The threshold must be in (0,128]
Default: 128
spark.sql.catalogImplementation¶
(internal) Configures in-memory
(default) or hive
-related BaseSessionStateBuilder and ExternalCatalog
Builder.enableHiveSupport is used to enable Hive support for a SparkSession.
Used when:
-
SparkSession
utility is requested for the name of the BaseSessionStateBuilder implementation (whenSparkSession
is requested for a SessionState) -
SharedState
utility is requested for the name of the ExternalCatalog implementation (whenSharedState
is requested for an ExternalCatalog) -
SparkSession.Builder
is requested to enable Hive support -
spark-shell
is executed -
SetCommand
is executed (withhive.
keys)
spark.sql.debug¶
(internal) Only used for internal debugging when HiveExternalCatalog
is requested to restoreTableMetadata.
Default: false
Not all functions are supported when enabled.
spark.sql.defaultUrlStreamHandlerFactory.enabled¶
(internal) When true, register Hadoop's FsUrlStreamHandlerFactory to support ADD JAR against HDFS locations. It should be disabled when a different stream protocol handler should be registered to support a particular protocol type, or if Hadoop's FsUrlStreamHandlerFactory conflicts with other protocol types such as http
or https
. See also SPARK-25694 and HADOOP-14598.
Default: true
spark.sql.event.truncate.length¶
Threshold of SQL length beyond which it will be truncated before adding to event. Defaults to no truncation. If set to 0, callsite will be logged instead.
Must be set greater or equal to zero.
Default: Int.MaxValue
spark.sql.extensions¶
A comma-separated list of SQL extension configuration classes to configure SparkSessionExtensions:
- The classes must implement
SparkSessionExtensions => Unit
- The classes must have a no-args constructor
- If multiple extensions are specified, they are applied in the specified order.
- For the case of rules and planner strategies, they are applied in the specified order.

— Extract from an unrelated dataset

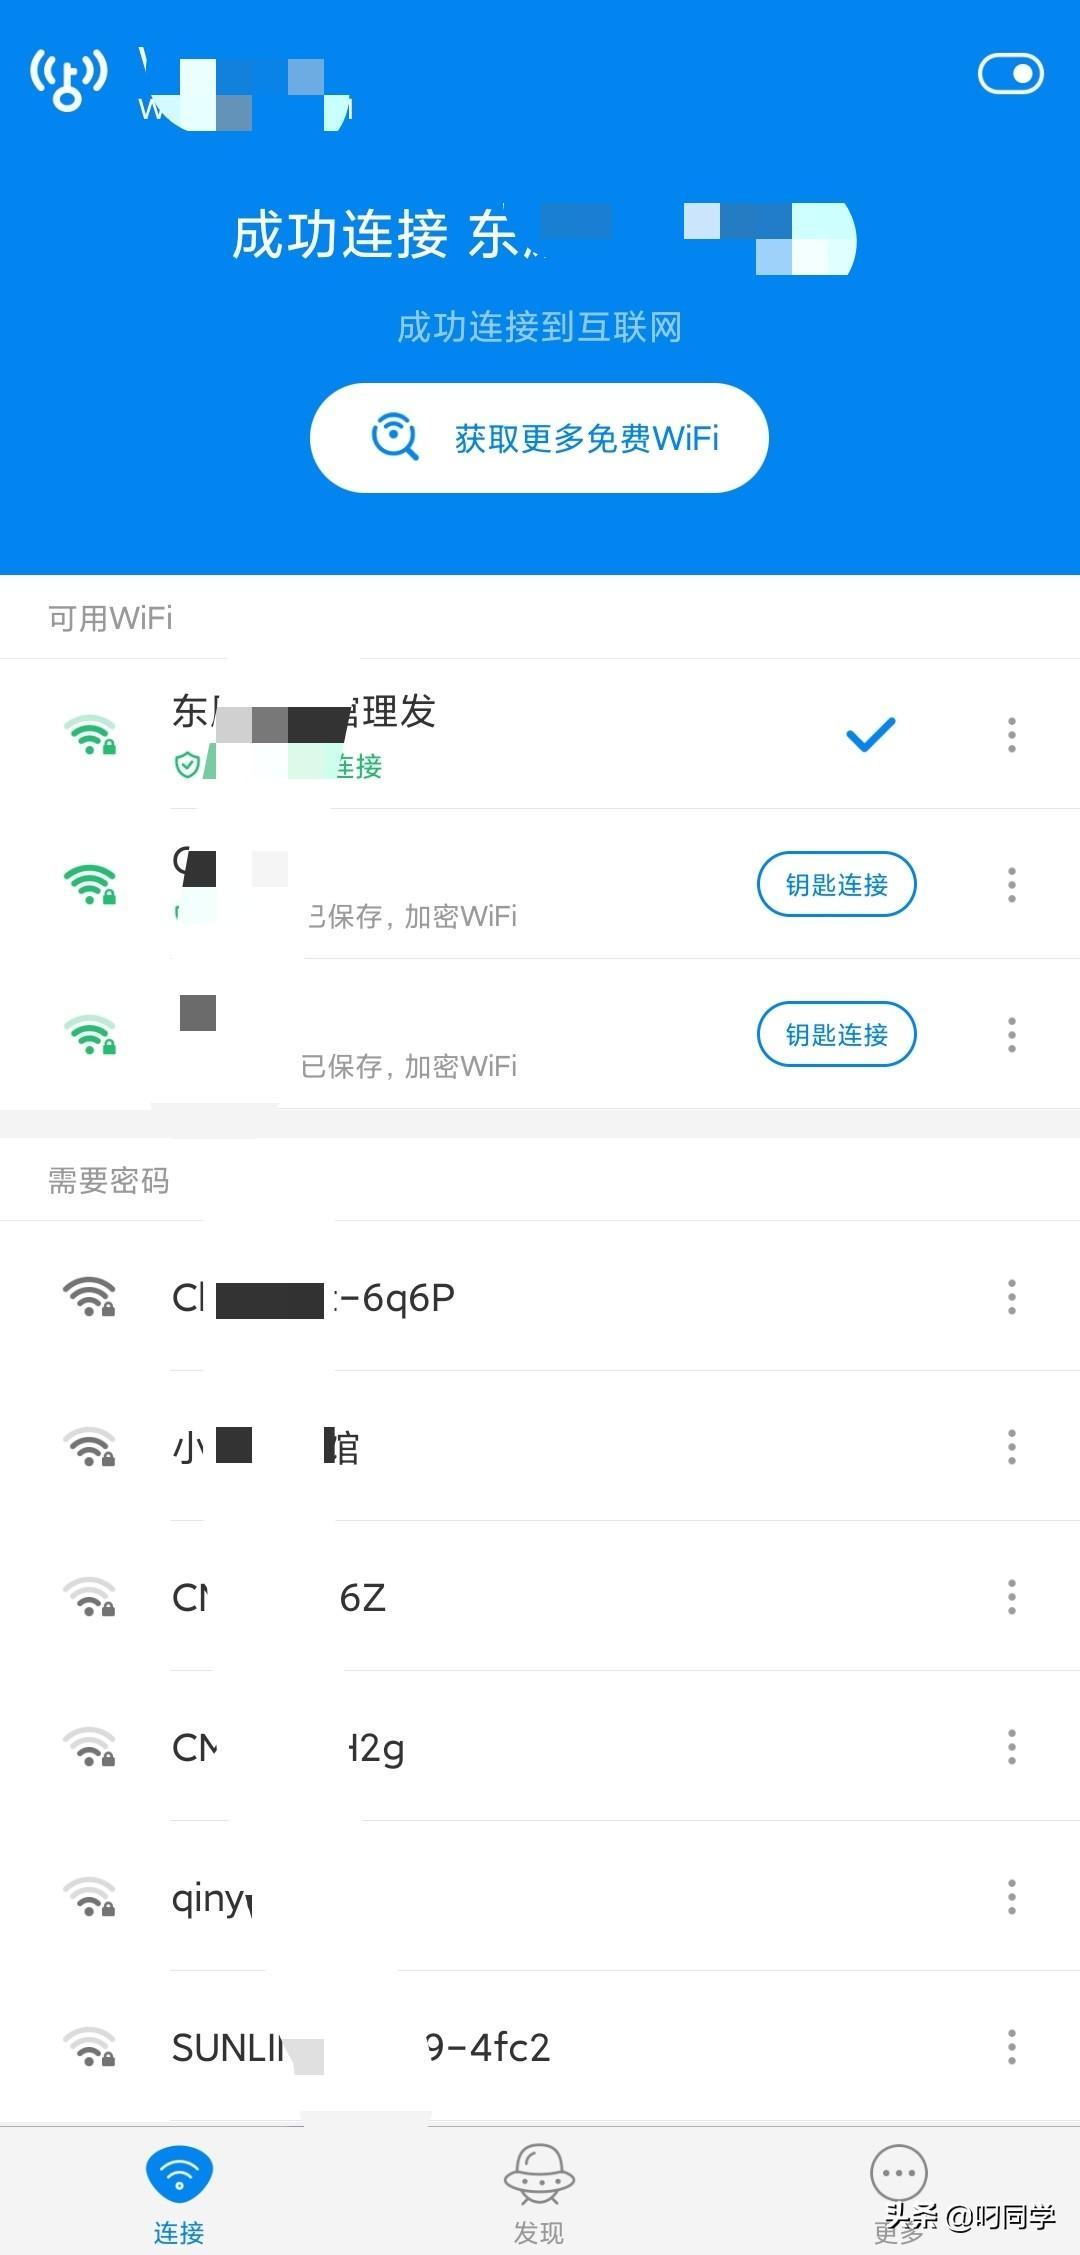 [必备]WiFi万能钥匙清新版,绿色无其他内容!支持安卓10

- For the case of parsers, the last parser is used and each parser can delegate to its predecessor
- For the case of function name conflicts, the last registered function name is used
Default: (empty)
Used when:
SparkSession
utility is used to apply SparkSessionExtensions
spark.sql.filesourceTableRelationCacheSize¶
(internal) The maximum size of the cache that maps qualified table names to table relation plans. Must not be negative.
Default: 1000
spark.sql.globalTempDatabase¶
(internal) Name of the Spark-owned internal database of global temporary views
Default: global_temp
The name of the internal database cannot conflict with the names of any database that is already available in ExternalCatalog.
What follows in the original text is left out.